Committees have to be united across party lines to stand any chance of success unlike the committee on the conduct of the Falklands war which was so divided it issued two separate reports. Parliament also has several other weapons in its arsenal to check the executive. Emergency debates can suspend the sitting of the House to discuss specific matters that require urgent consideration. They must have the support of at least forty M. P. s and the agreement of the Speaker and few, two or three a year, are successful. In 1977 the Commons forced the Government to hold a public inquiry into the financial matters of the Crown Agents between 1970-76.

Adjournment debates usually focus on constituency matters and answers are often given by junior ministers. Another useful tool is the Early Day Motion of which many hundreds are tables but relatively few are chosen by the speaker. This allows M. P. s to voice their concern on any issue but have little impact on the scrutiny of the executive. M. P. s can also write to Ministers and on average do so twenty-five times a week mainly on constituency matters. Written replies are published in Hansard but again these are mainly individual enquiries or requests for statistical data.

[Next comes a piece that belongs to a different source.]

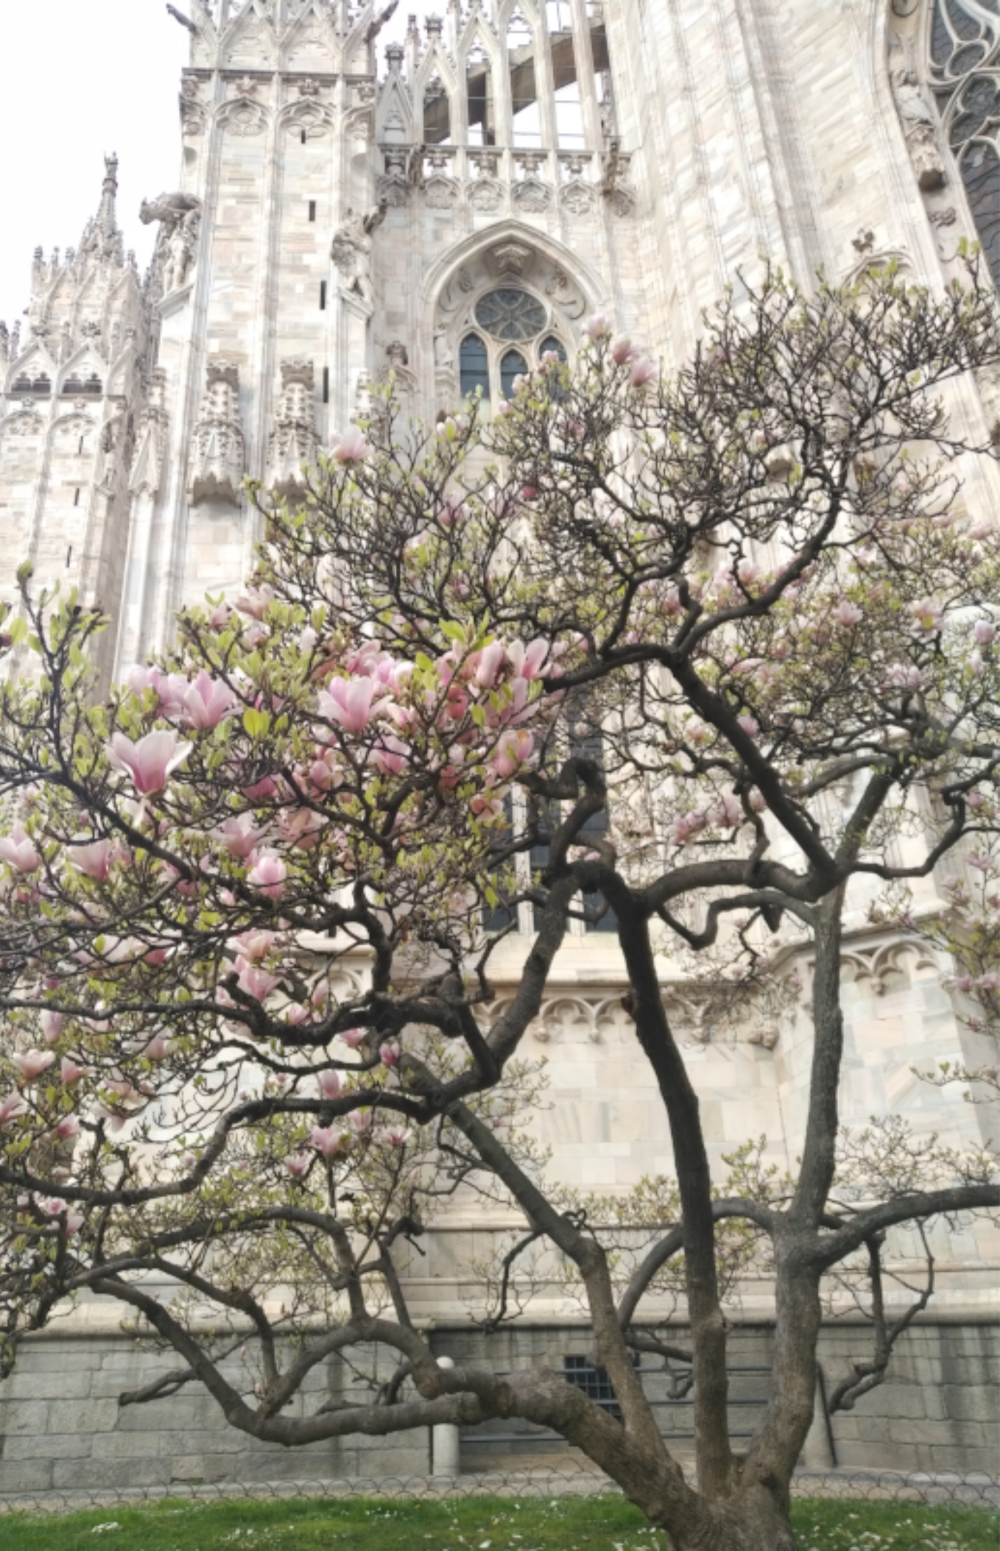 Tree blossom in front of Milan's cathedral Spring 2020, the author's image

Executive agencies use this method to reply to M. P. s questions that Ministers cannot answer. One method wholly reserved for the opposition is that of opposition day debates, twenty in all but three reserved for the second largest opposition party. This gives the opposition a chance to pick a subject for debate which is either usually one of the executives weak points or a subject of current interest but again there impact on the executive are at best embarrassing. Opposition leaders of the two main parties, Labour and the Liberal Democrats, are consulted by the executive on bi-partisan matters such as the Gulf war.

By far the greatest, potentially, form of censure is the vote of no confidence where, by convention, the executive must resign and call an election. Cases are rare but the Labour government of 1979 who had no majority lost such a vote which led to an election. Much more recently Mr. Major called a thinly veiled vote on his own government over Masstrict and won. Prospective scrutiny is in one sense much easier to define. The executive produce bills which are laid before Parliament for debate and voting. Bills have a first reading when their title is read out and then go to be classified.

The second reading allows for debate on the principles involved but it is in the Standing Committees that much of the work is done. Bills are picked through clause by clause and where appropriate recommendations for amendments made. Amendments can be made by anybody, seventy percent come from the opposition, ten percent from back-benchers and twenty percent from Ministers themselves. This may give a false sense of proportion as between 1970-71 0f 974 ministerial amendments all went through but of 1008 other amendments only 74 were passed. The government majority having a lot to do with this.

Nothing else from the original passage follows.